Ha muerto Yesenia Selier, bailarina, coreógrafa, performer, investigadora, educadora, promotora cultural, activista por la igualdad racial y orgullosa madre soltera de trillizos. La lista de títulos podría ser mucho más extensa, pero dejar de mencionar tan solo uno de los anteriores sería disminuir demasiado a alguien a quien la ahora corta vida que vivió desde siempre le quedó pequeña, estrecha a sus ambiciones múltiples y abrumadoras.

Yesenia, nacida en La Habana, pero con hondas raíces en San Diego de Núñez, Pinar del Río, (la patria chica del novelista Cirilo Villaverde, como no cesaba de recordarme) se graduó de Psicología en la Universidad de la Habana, para luego hacer un máster de Estudios Latinoamericanos en la New York University. La misma institución con la que pensaba graduarse de doctorado, una vez que le pusiera punto final a la tesis sobre danza que pensaba defender el próximo año. Porque todo lo que había hecho hasta ahora —desde promotora de hip hop hasta profesora de danzas afrocubanas, desde realizadora de audiovisuales hasta colaboradora de artistas visuales estrellas musicales y cinematográficas como Wynton Marsalis, Chucho Valdés, Pedrito Martínez, Teresita Fernández, Coco Fusco, April Yvette Thompson o Matt Dillon— no era nada en comparación con lo que planificaba hacer en los próximos días, meses, años. Con todo y su abultado currículum cabía sospechar que lo mejor siempre estaba por venir.

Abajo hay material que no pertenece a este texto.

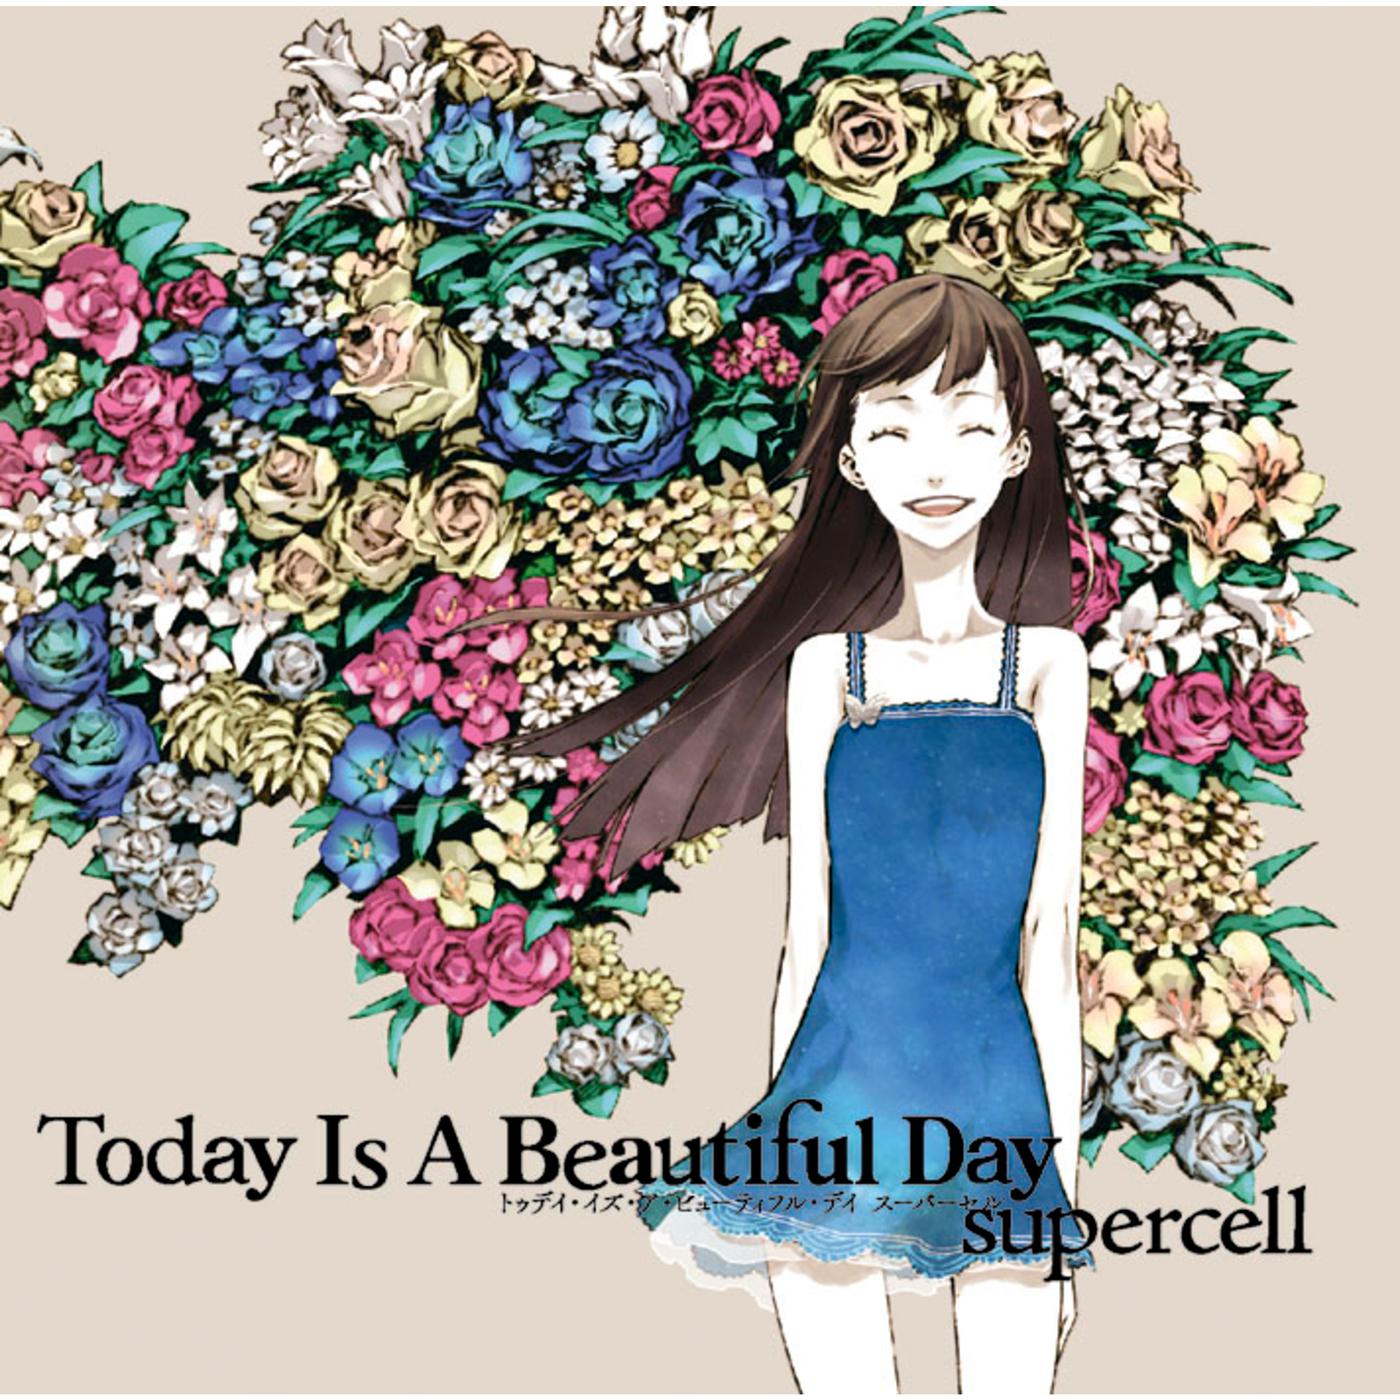 終わりへ向かう始まりの歌歌词 歌手supercell-专辑Today Is A Beautiful Day-单曲《終わりへ向かう始まりの歌》LRC歌词下载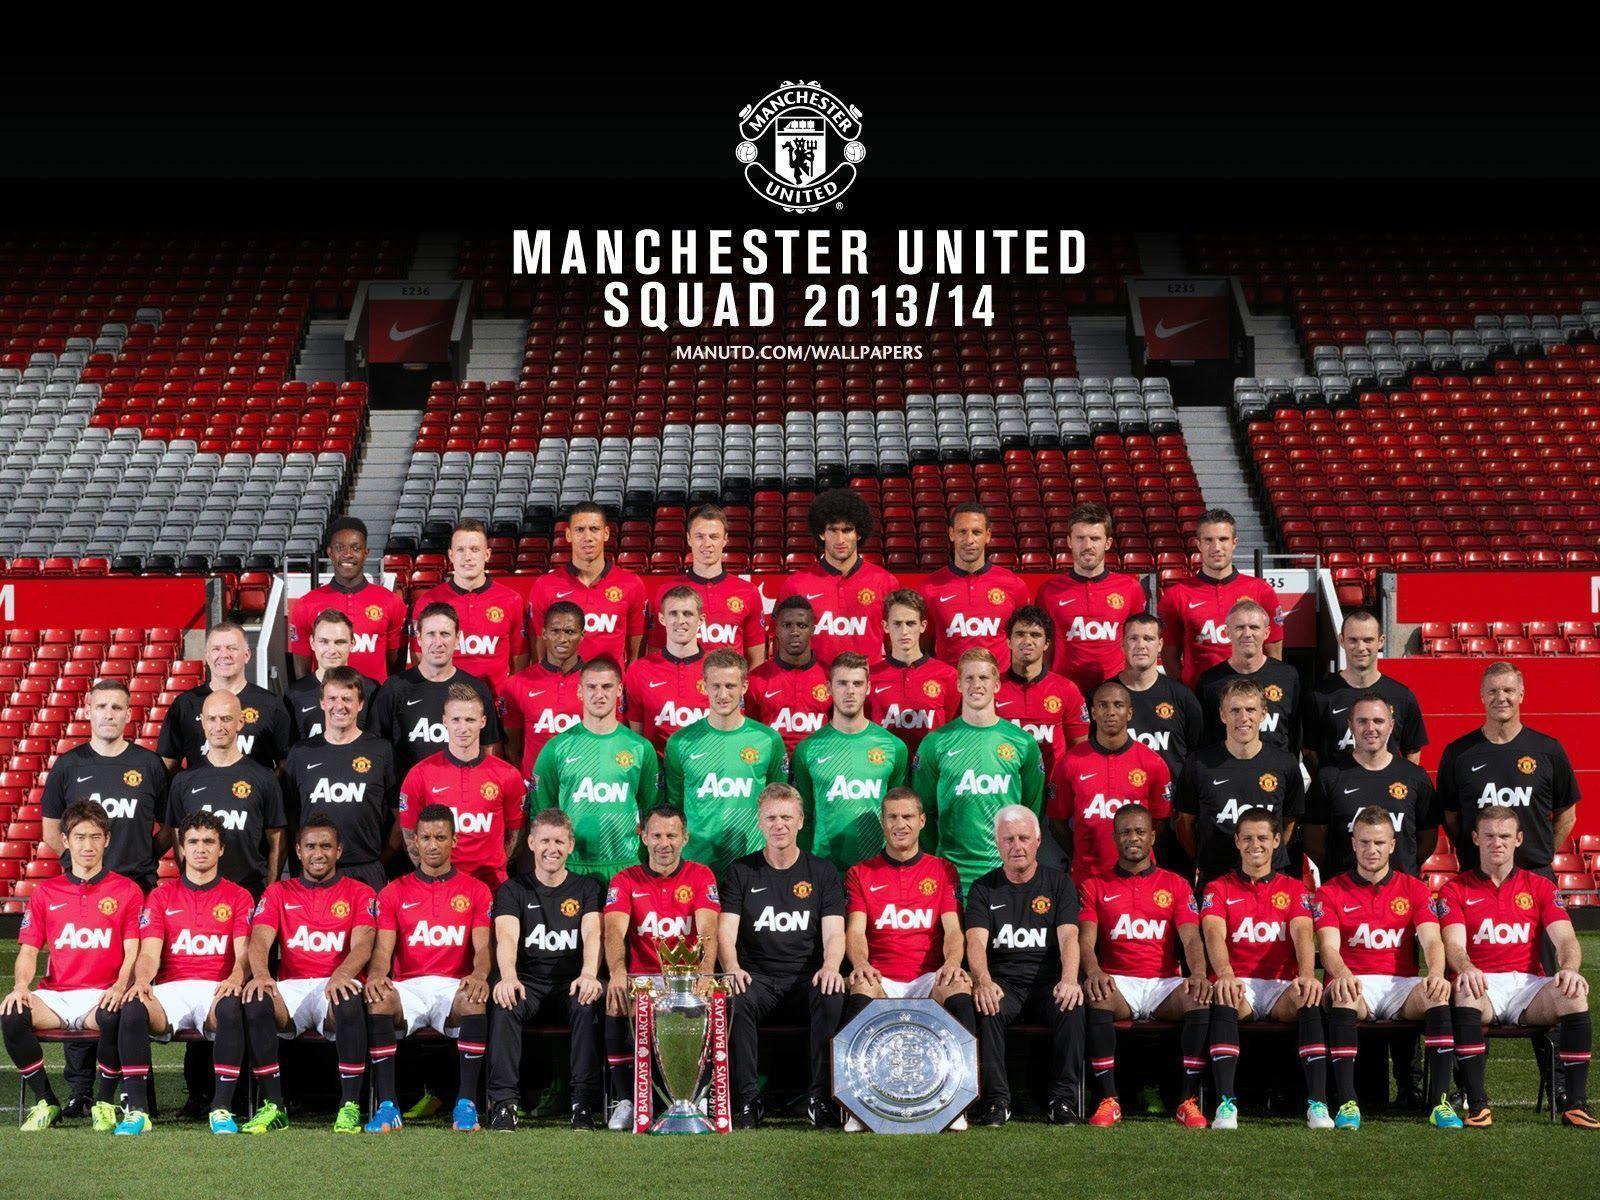 Manchester United Wallpaper Full Team 2016 Manchester United 2013

“Pitia”, “maga”, “sacerdotisa” preferiría llamarse antes que cualquier clasificación ortopédica con la que los resumés reducen a quien desborda sus cuadrículas. Yesenia, ser tan actuante como inteligente, era capaz de explicar la naturaleza y el sentido de una danza con la misma precisión con que la ejecutaba. Verla inundar el escenario del Rose Hall con su interpretación de Yemayá, que era a la vez orisha y oleaje marino, suponía un privilegio y a la vez el redescubrimiento que el mundo se nos resiste a ser descuartizado en magia y razón. Maga era también Yesenia, cuando convertía a un puñado de gringos pálidos, tan bienintencionados como cortos de talento rítmico, en solvente conjunto rumbero. 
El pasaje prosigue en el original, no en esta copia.